I don’t think LLMs will be likely to be paperclip maximizers — to basically all humans, that’s obviously a silly goal. While there are mentions of this specific behavior one the Internet, they’re almost universally in contexts that make it clear that this is a bad thing and ought not to happen. So unless you specifically prompted the AI to play the role of a bad AI, I think you’d be very unlikely to see this spontaneously.
However, there are some humans who are pretty-much personal-net-worth maximizers (with a few modifiers like “and don’t get arrested”), so I don’t think that evoking that behavior from an LLM would be that hard. Of course, at some point it might also decide to become a philanthropist and give most of its money away, since humans do that too.
My prediction is more that LLM base models are trained to be capable of the entire range of behaviors shown by humans (and fictional characters) on the Internet: good, bad, and weird, in roughly the same proportion as are found on the Internet. Alignment/Instruct training, as we currently know how to do it, can dramatically vary the proportions/probabilities, and so can prompting/jailbreaking, but we don’t yet know how to train a behavior out of a model entirely (though there has been some research into this), and there’s a mathematical proof (from about a year ago) that any behavior still in there can be evoked with as high a probability as you want by using a suitable long enough prompt.

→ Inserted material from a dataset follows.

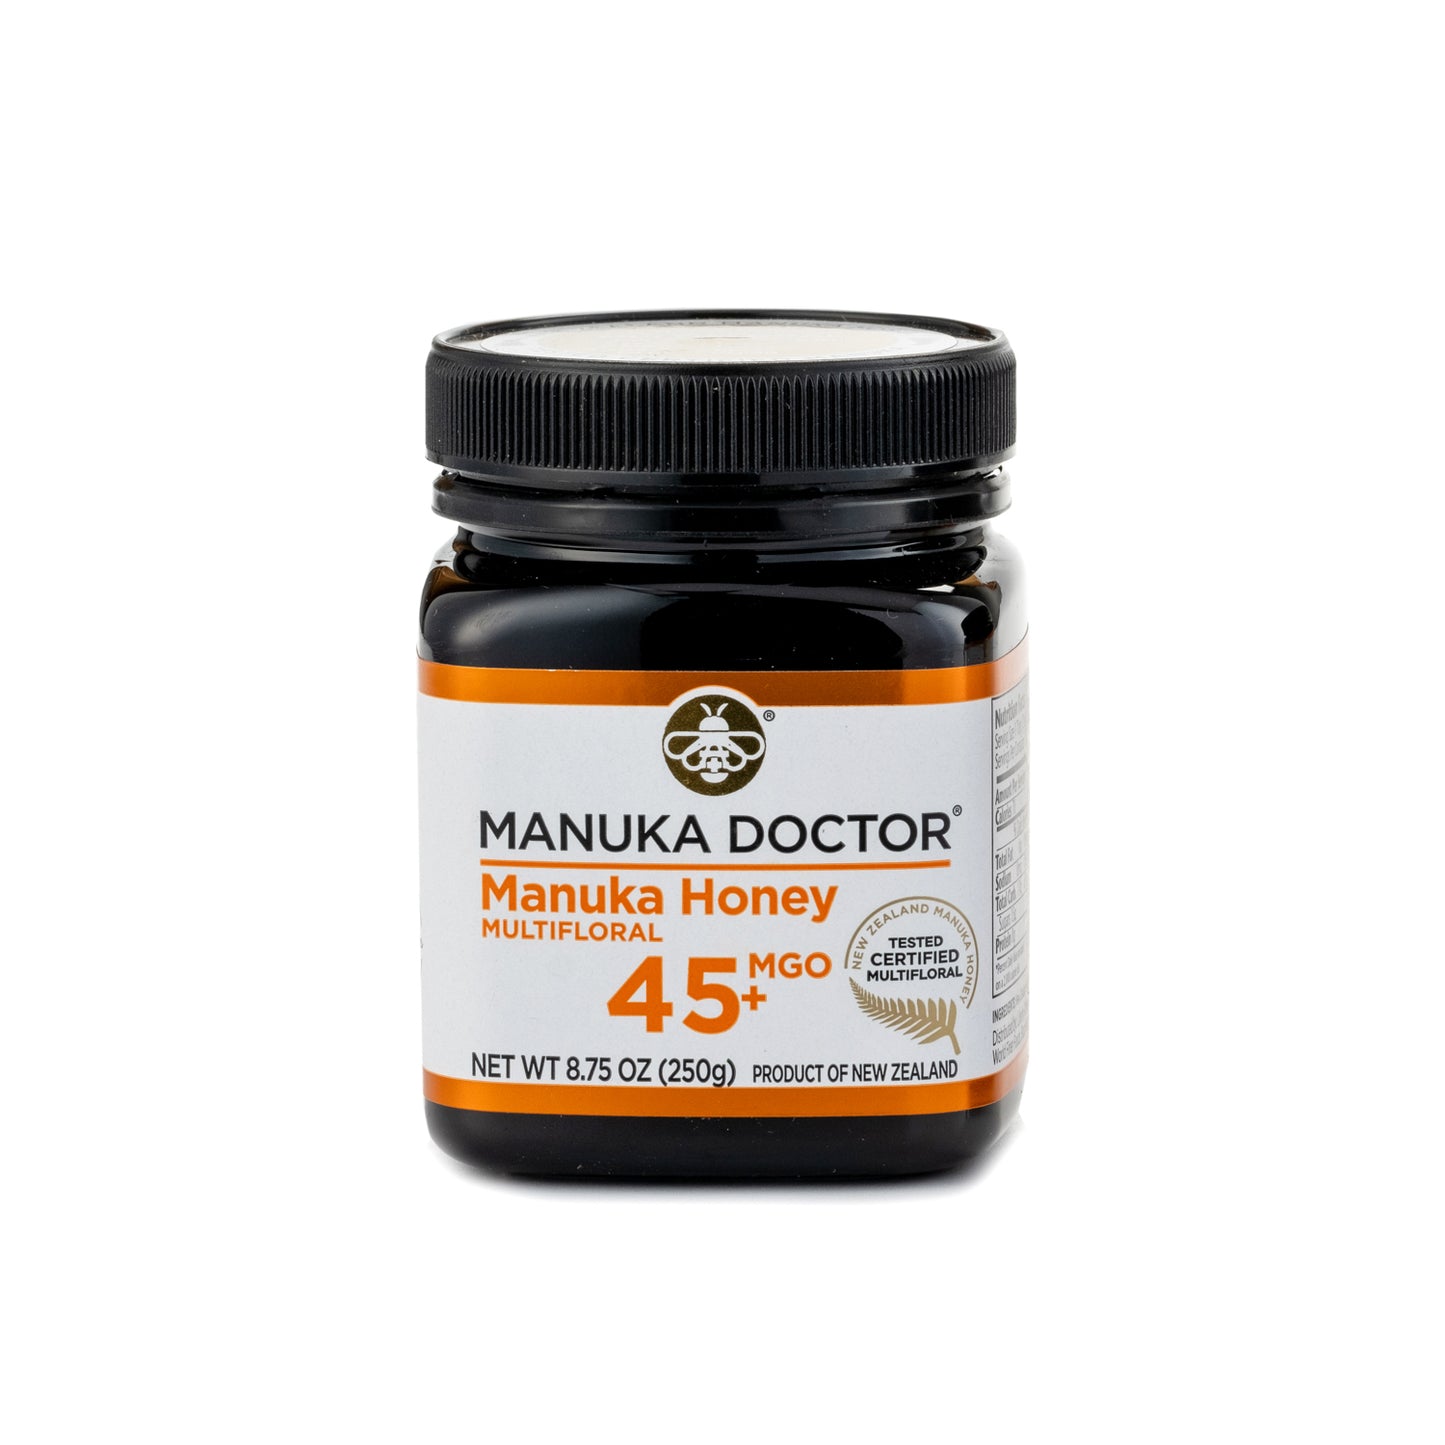 Manuka Doctor Manuka Honey Bio Active 45+ 250g

[Were I Christian, I might phrase this as “AI inherits original sin from us”. I’m more of a believer in evolutionary psychology, so the way I’d actually put it is a little less pithy: that humans, as evolved sapient living beings, are fundamentally evolved to maximize their own evolutionary fitness, so they are not always trustworthy under all circumstance, and are capable of acting selfishly or antisocially, usually in situations where this seems like a viable tactic to them. We’re training. our LLMs by ‘distilling’ human intelligence into them, so they of course pick all these behavior patterns up along with everything else about the world and our culture. This is extremely sub-optimal: as something constructed rather than evolved, they don’t have evolutionary fitness to optimize, and their intended purpose is to do what we want and look after us, not to maximize the number of their (non-existent) offspring. So the point of alignment techniques is to transform a distilled copy of an evolved intelligence into an artificial intelligence that behaves appropriately to its nature and intended purpose. They hard part of this is that they will need to understand human anti-social behavior, so they can deal with it, but not be capable (no matter the prompting or provocation) of acting that way themself, outside a fictional context. So we can’t just eliminate this stuff from their training set or somehow delete all their understanding of it.]